• TASK GOAL: Two lines below mark the span: the one containing "Tinsley Ellis HELL OR HIGH WATER CD" and the one containing "HA KO Paper". Set down both, plus every line between, exactly as they stand, and nothing else.

• THE DATA:
-- -- --
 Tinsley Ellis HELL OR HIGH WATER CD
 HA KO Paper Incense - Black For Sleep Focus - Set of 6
-- -- --
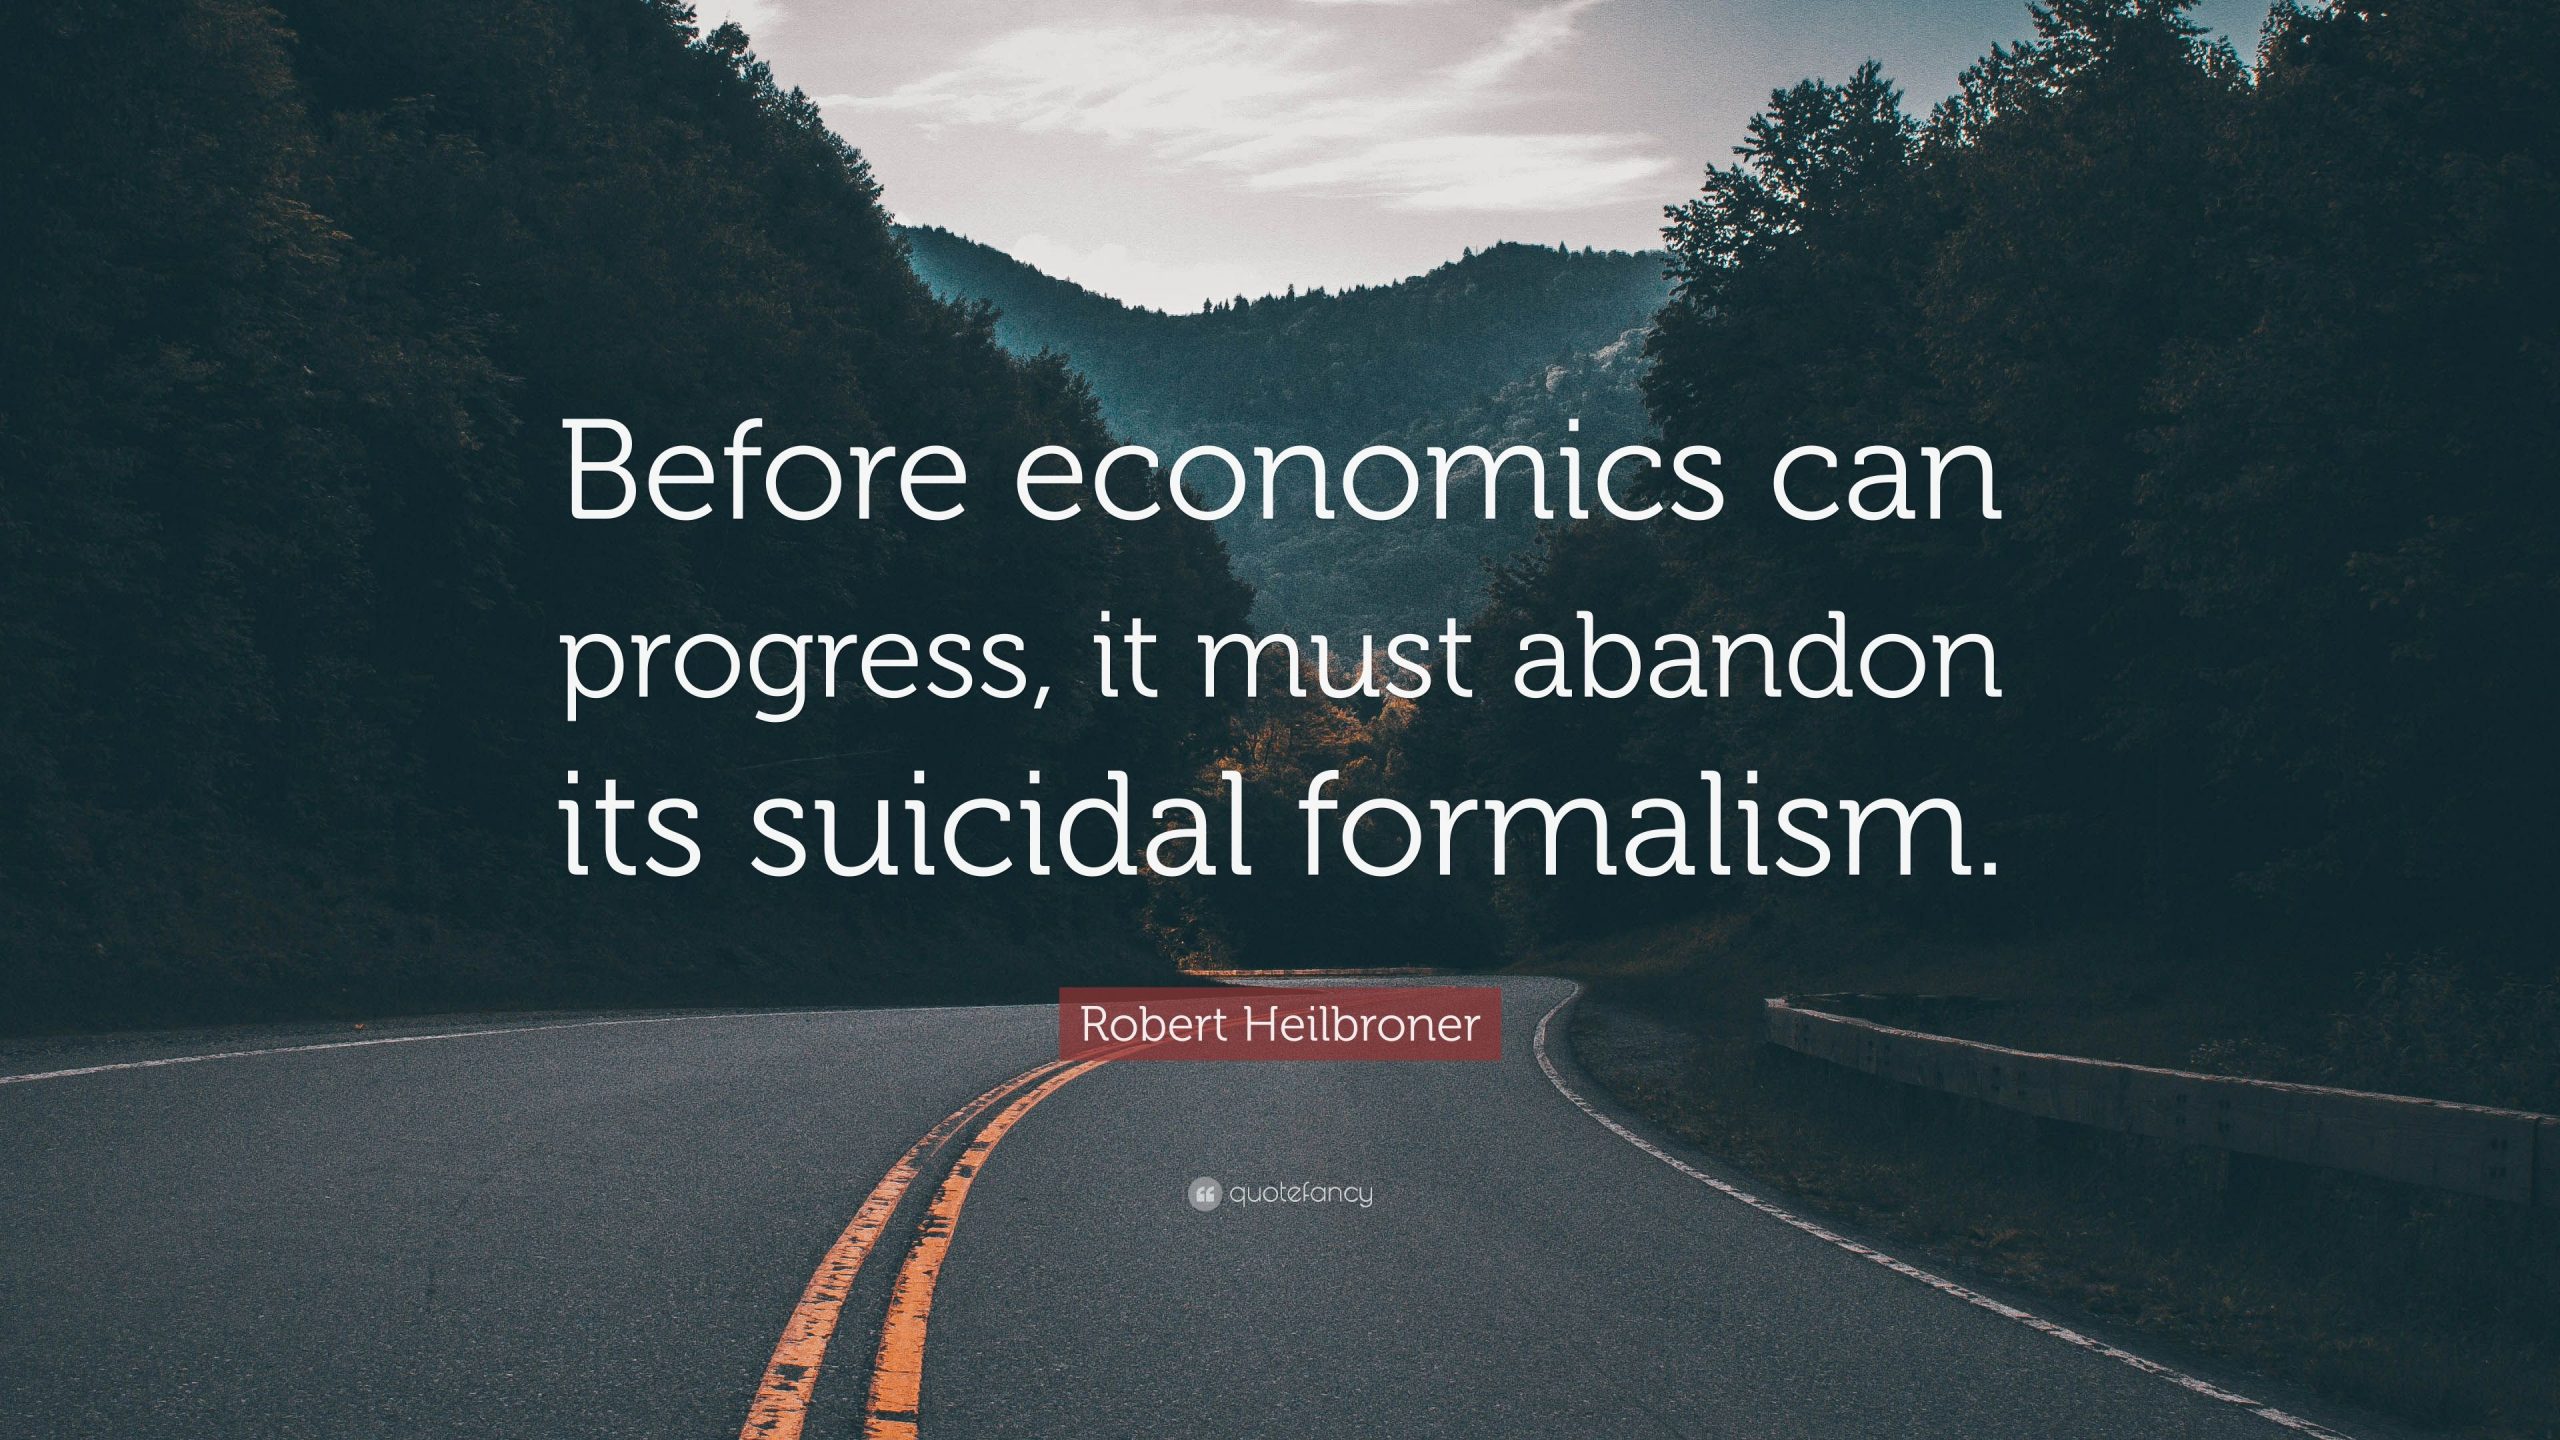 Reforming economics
-- -- --
• RESULT:
 Tinsley Ellis HELL OR HIGH WATER CD
 HA KO Paper Incense - Black For Sleep Focus - Set of 6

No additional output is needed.